Highlight Important Data: Use annotations or focused color highlights to draw attention to significant areas or patterns you want to emphasize, such as regions with exceptionally high or low values.
Consider Geographic Scale: The chosen geographic scale can impact the interpretation of your data. Be mindful of how zoom level and regional boundaries influence the perception of data distribution and density.

Knowledge Checks

Knowledge Check 1: Suppose we have gas station-level data on gas prices yesterday. What type of map would you use to show this information?

For gas station-level data on gas prices yesterday, a symbol map would be more appropriate. It would let you place symbols at each gas station’s location, with symbol sizes or colors representing the price of gas, providing detailed location-specific price information.

Knowledge Check 2: Suppose we have county-level data on average gas prices last year. What type of map would you use to show this information?

For county-level data on average gas prices last year, a filled map would be the most suitable choice. It would allow you to color-code each county based on the average gas price, showing spatial variations across the region.

Geocoding Application

You Do It: Create a New Symbol Map

Connect to final_clusters_out.csv.

Start Tableau and connect to the dataset.

Prepare the data.

Check that Longitude and Latitude are recognized by Tableau as geographic fields.
If not, set their geographic roles appropriately by right-clicking each field in the Data pane and selecting Geographic Role > Longitude or Latitude.

Drag Longitude and Latitude into the Columns and Rows shelf.

Move the Longitude field to the Columns Shelf and the Latitude field to the Rows Shelf to initiate the creation of a map.
Make sure to switch the Longitude and Latitude fields to Dimensions, or you will get a single point for all locations.
If Tableau does not automatically recognize them as geographic fields, go back to Step 2. You might need to change their data type to dimensions.

Visualize store types.

Drag the Store Chain Name field onto the Color card. This action will color-code the map symbols according to the type of chain store, allowing you to quickly see which category is most prevalent across the dataset.

Which type of store brands appear to be the most prevalent?

Analyze visitor counts.

Drag the Unique Customers field onto the Size card. This will adjust the size of each symbol on the map based on the number of unique shoppers, making it easy to identify which stores attract the most visitors.

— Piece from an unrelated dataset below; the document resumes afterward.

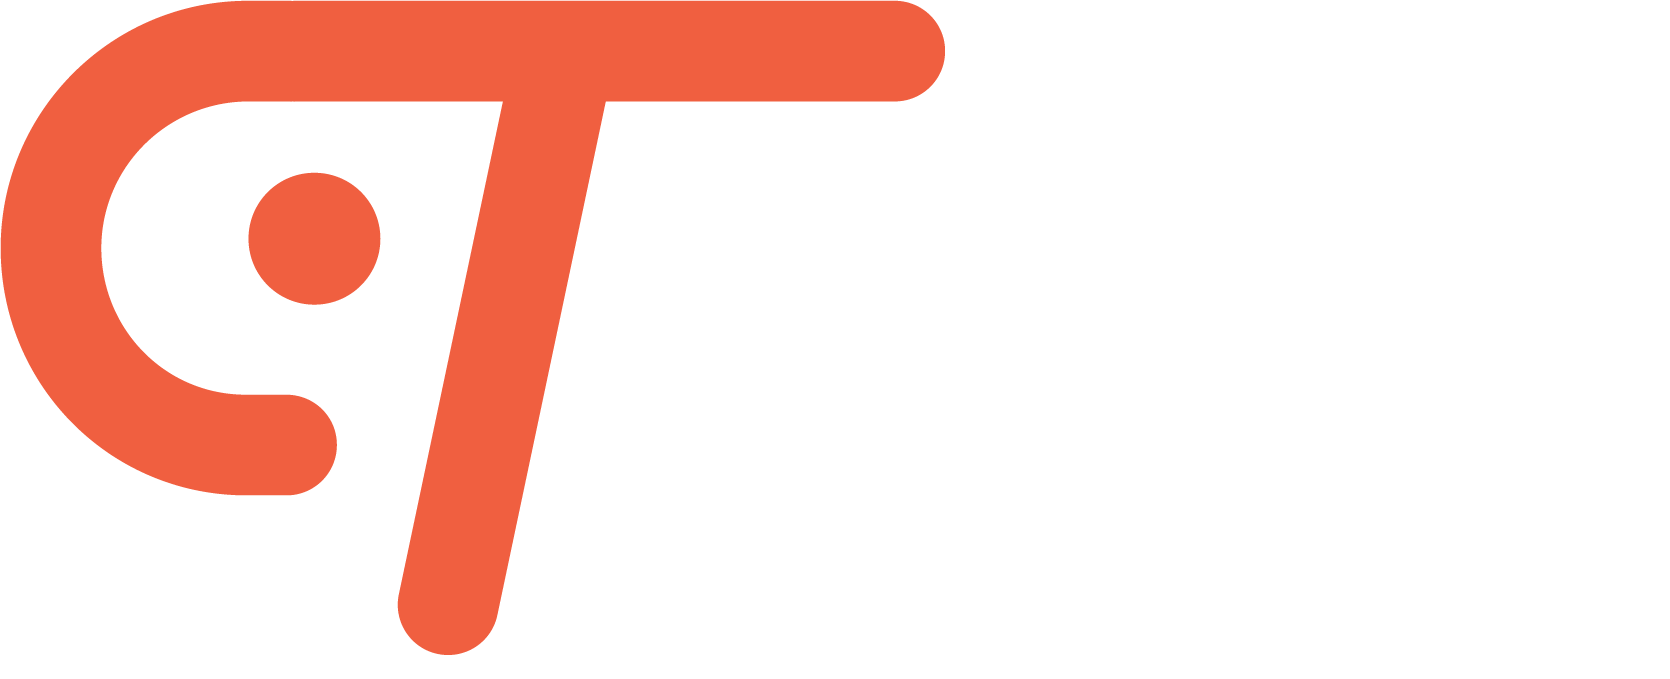 CTO as a Service

Which type of store appears to have the most visitors?

What if we change the aggregation of Unique Customers to AVG instead of SUM?

Add information to the Tooltips.

For more detailed information about each store, add the Store Name to the Tooltip card. Then, when you hover over any symbol on the map, you can see the store’s name along with other data you’ve chosen to include.

Other Options for Creating Symbol Maps

Follow the initial steps to set up another symbol map. This time, experiment with different attributes for colors, size, and tooltips. For instance, you might choose to visualize the Product Diversity using the size of the symbols, or the Chain Size as the color.
Instead of using precise longitude and latitude, try creating a map based on City and associate it with Unique Customers by dragging City to the Columns Shelf and Unique Customers to the Rows Shelf. Use the Show Me menu to select Symbol Map. This visualization will provide a more aggregated view, showing visitor counts per city.
Modify the aggregation of Unique Customers from SUM to AVG by right-clicking on the field in the Marks card and choosing Measure(Sum) > Average. This adjustment shows the average number of visits per store within each city or map symbol, offering insights into typical store performance rather than total visits.

You Do It: Create a Filled Map

Filled maps provide a powerful way to visualize data that varies across geographic regions, using color to represent the intensity or magnitude of a variable within predefined areas like postal codes, counties, or countries. Let’s apply this to our data.

Create a new worksheet.
Select the Zip Code and move it to the Columns Shelf, and Unique Customers and move it to the Rows Shelf. (Make sure Zip Code is set as a Geographic Role.)
Navigate to the Show Me Menu.

You should have the option to select either a symbol map (left) or a filled map (right). Choose the filled map.

Analyze the visualization.

This map colors each postal code area based on the Unique Customers, showing only zip codes where stores have shoppers.
While filled maps are excellent for visualizing one main attribute per geographic area, layering multiple store attributes directly on the map might be challenging.

Add more data.

To provide context on the diversity of products sold at stores within each postal code, drag the Product Diversity field into the Tooltip editor.
Alternatively: Open the Tooltip. Use the Insert button in the editor, selecting SUM(Product Diversity) or type in the field name surrounded by < >, like <Product Diversity>.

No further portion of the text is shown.